Friday, April 01, 2005

Killing the Goose
Last year I described the internal struggles over Bolivia's natural gas resources as an example of the need for a comprehensive approach to sustainable development. Now it appears that the Bolivian Senate sees it as a chance for larceny bordering on expropriation, as reported by the Financial Times (subscription required.) Raising the combined royalty and wellhead tax on Bolivia's natural gas to 50% will leave the companies that risked their capital and expertise to develop this resource with little chance of earning a return.

While I don't know the detailed project economics in question, it's important to understand the difference between producing gas in Bolivia compared to producing it in Oklahoma. Lacking much domestic industry, most of the gas must be piped to neighboring countries to reach a market. A little knowledge of South American geography suggests the challenges this entails; the pipelines to the closest markets for Bolivian gas are long, expensive and costly to operate. By the time you back the pipeline charges out of the delivered price of the gas, which is probably about $2.00/thousand cubic feet (MCF), the wellhead value of the gas could be under $1.00, leaving less than $.50/MCF to cover production costs.
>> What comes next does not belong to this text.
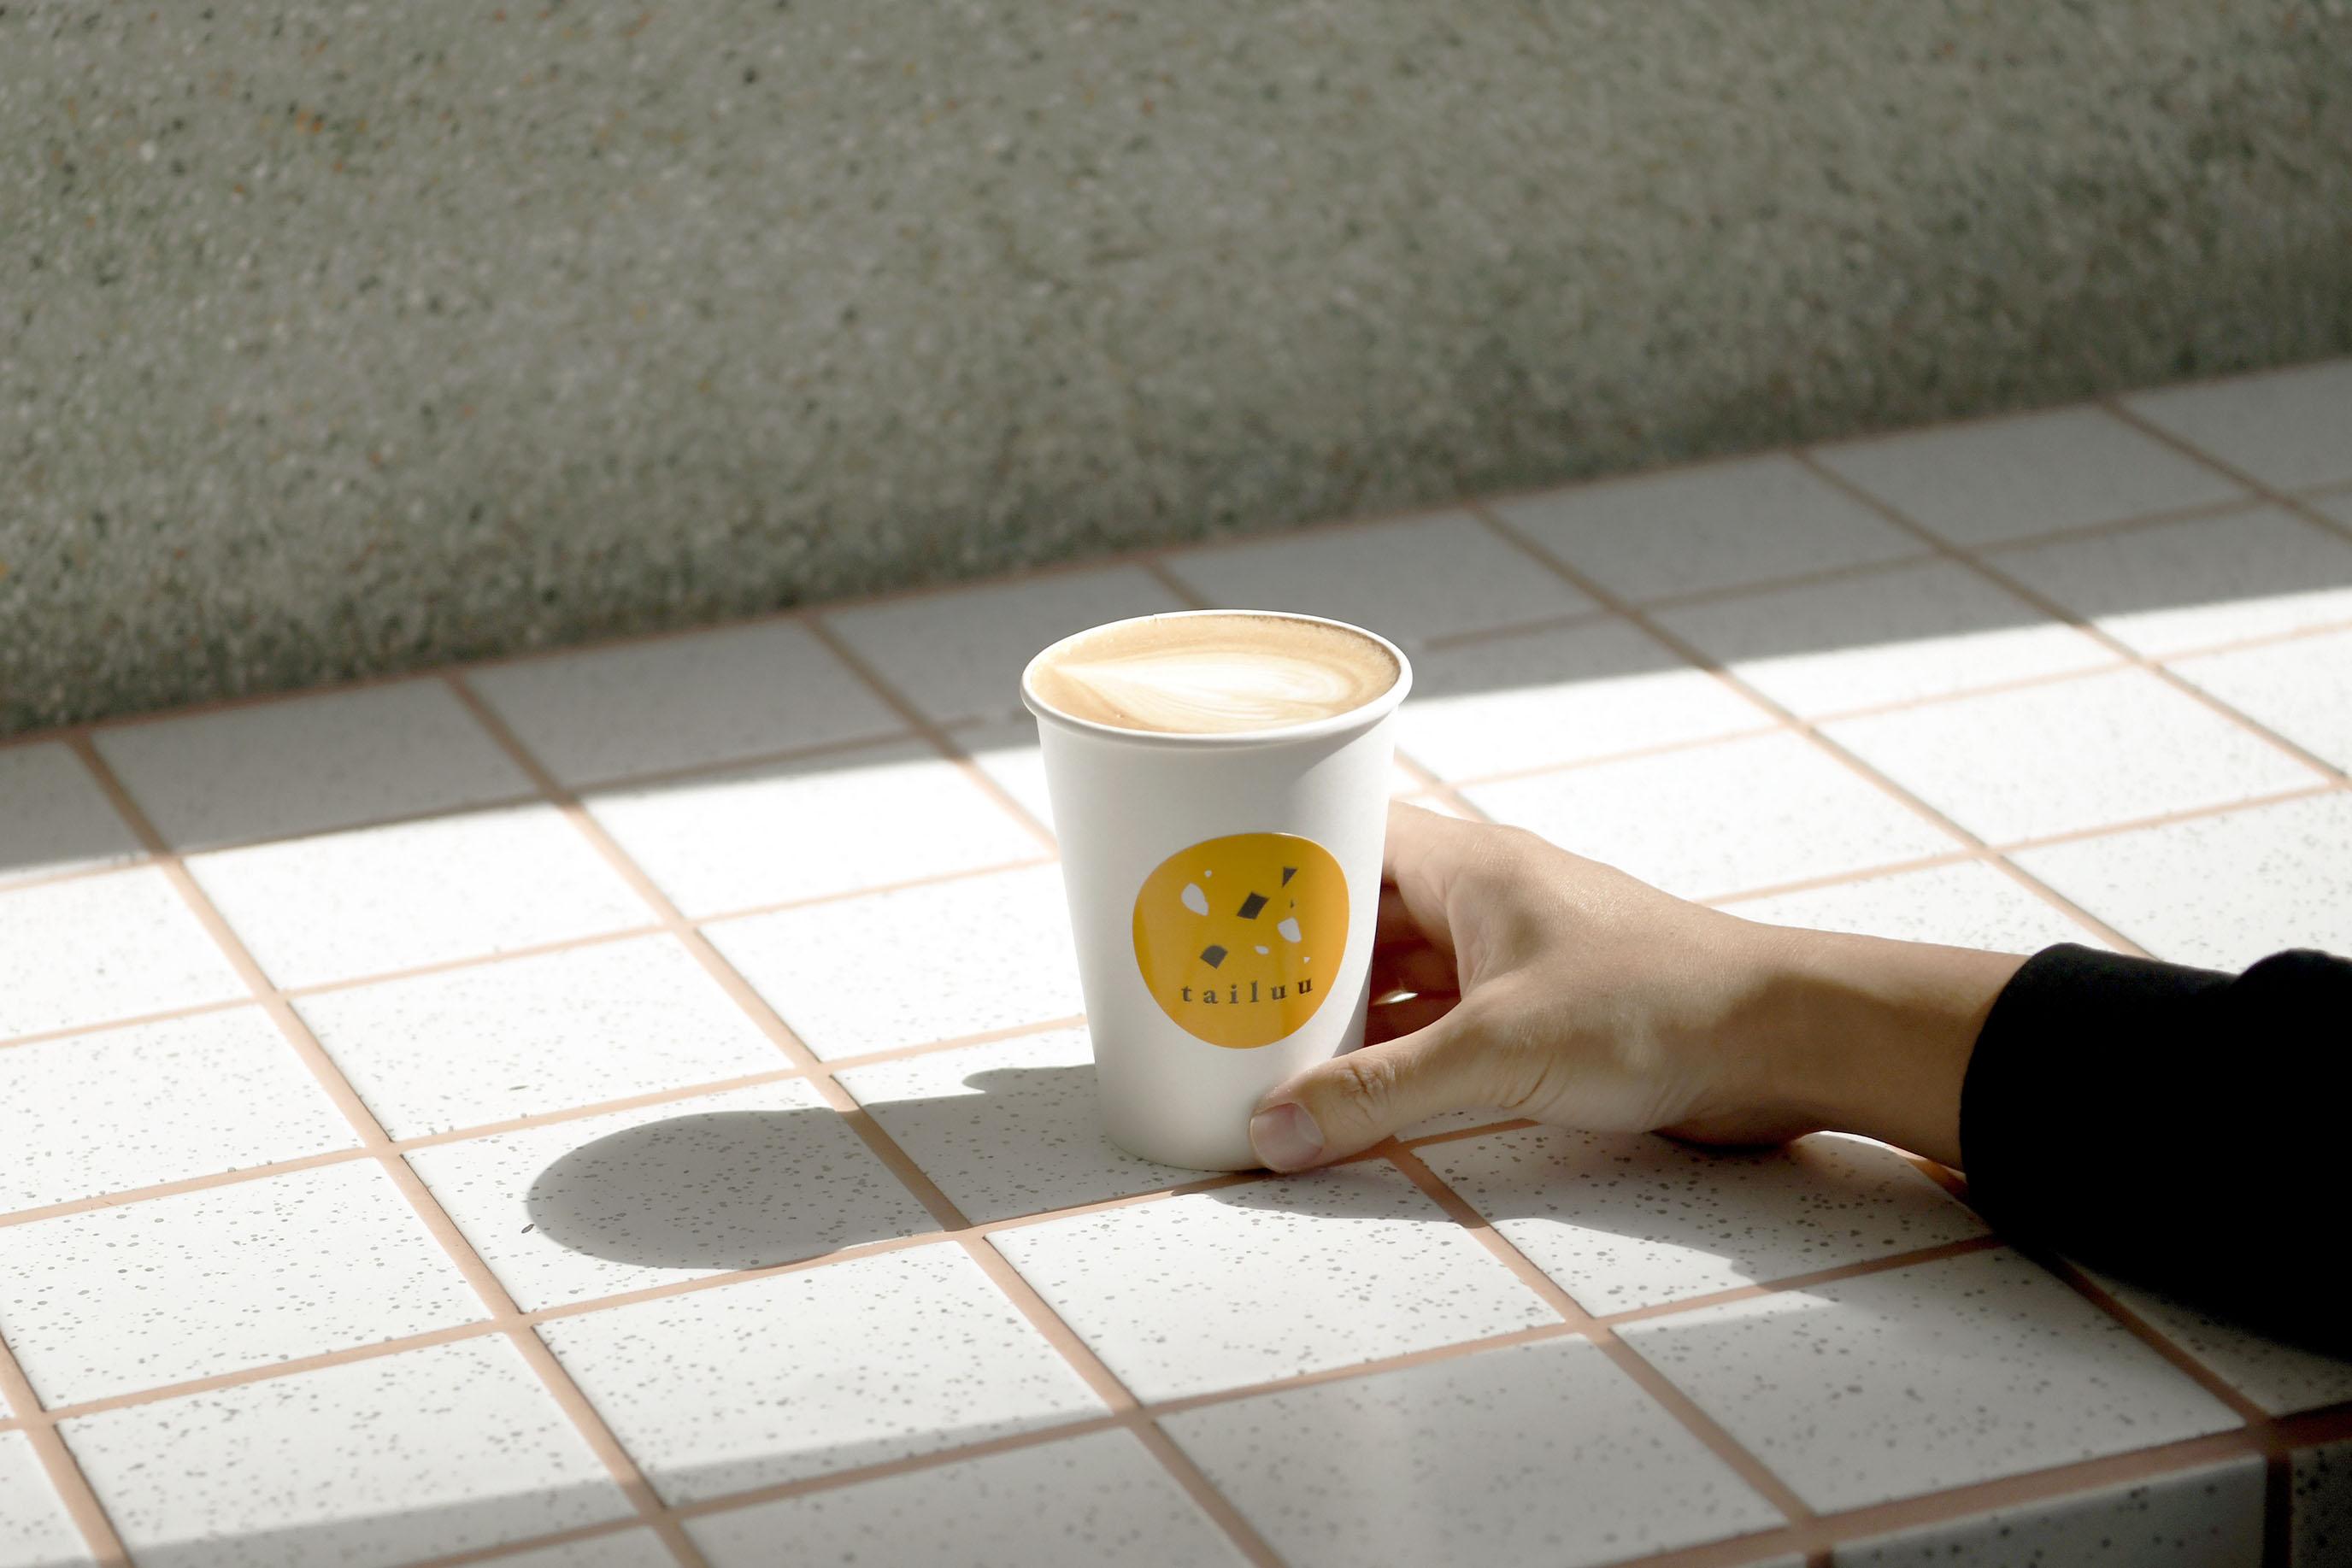 在西區舊樓裡,拼湊出自在的色調|Cafe tailuu 西門町咖啡

Finding and producing gas in a remote, landlocked country with minimal local infrastructure isn't going to be very profitable at $.50/MCF. (US gas producers are currently netting $4 or $5 at the wellhead.) Even if you are a avowed socialist leading street protests against the evil capitalist exploiters of your country's patrimony, it ought to be self-evident that running off the only folks who can produce this resource is tantamount to killing the golden goose. If the protesters focused more on how to make the best use of reasonable royalties and less on grinding the foreign investors into the dust, they would stand a better chance of actually having a future royalty stream to divvy up.